[[ ENTRIES SHOWN, beginning ]]

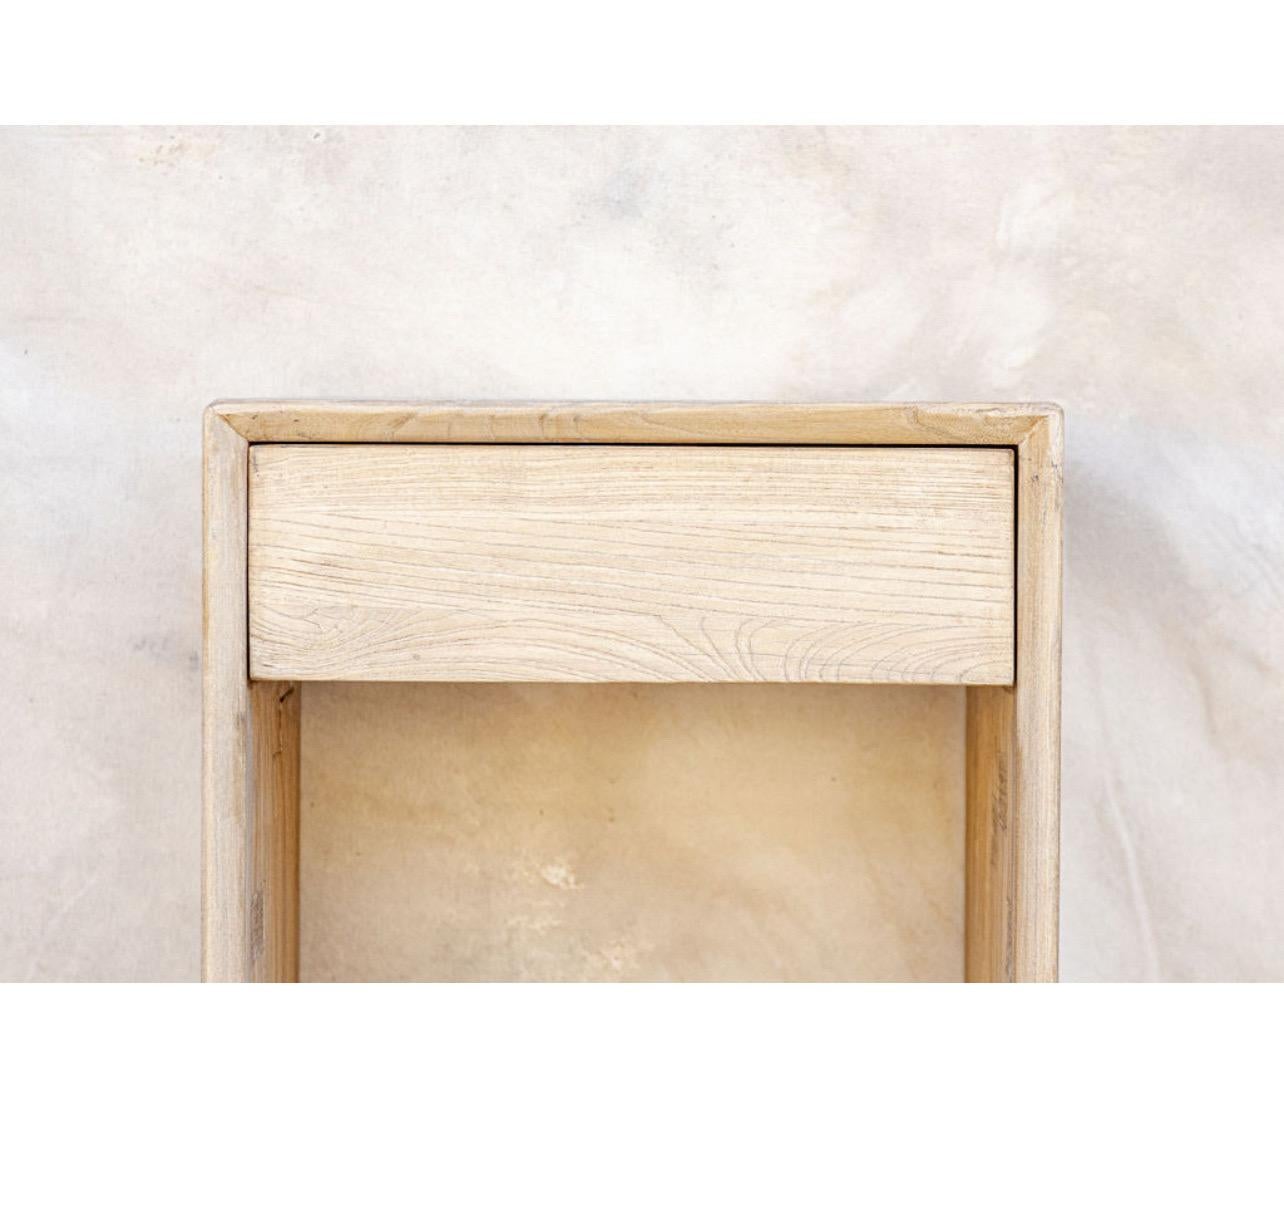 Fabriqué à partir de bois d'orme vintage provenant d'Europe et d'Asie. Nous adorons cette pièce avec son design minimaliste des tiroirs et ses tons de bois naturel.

[[ ENTRIES SHOWN, end ]]
[[ ENTRIES SHOWN, beginning ]]

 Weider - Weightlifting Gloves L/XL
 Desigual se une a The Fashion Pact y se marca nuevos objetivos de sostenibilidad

[[ ENTRIES SHOWN, end ]]
[[ ENTRIES SHOWN, beginning ]]

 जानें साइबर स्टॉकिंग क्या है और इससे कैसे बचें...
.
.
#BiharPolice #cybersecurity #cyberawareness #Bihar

[[ ENTRIES SHOWN, end ]]

**WHAT NEEDS TO BE DONE:** Please copy the lines in the records above between the one holding "जानें साइबर स्टॉकिंग" and the one holding "#BiharPolice #cybersecurity #cyberawareness", inclusive, exactly and with no other line.

**EXERCISE OUTPUT:**
 जानें साइबर स्टॉकिंग क्या है और इससे कैसे बचें...
.
.
#BiharPolice #cybersecurity #cyberawareness #Bihar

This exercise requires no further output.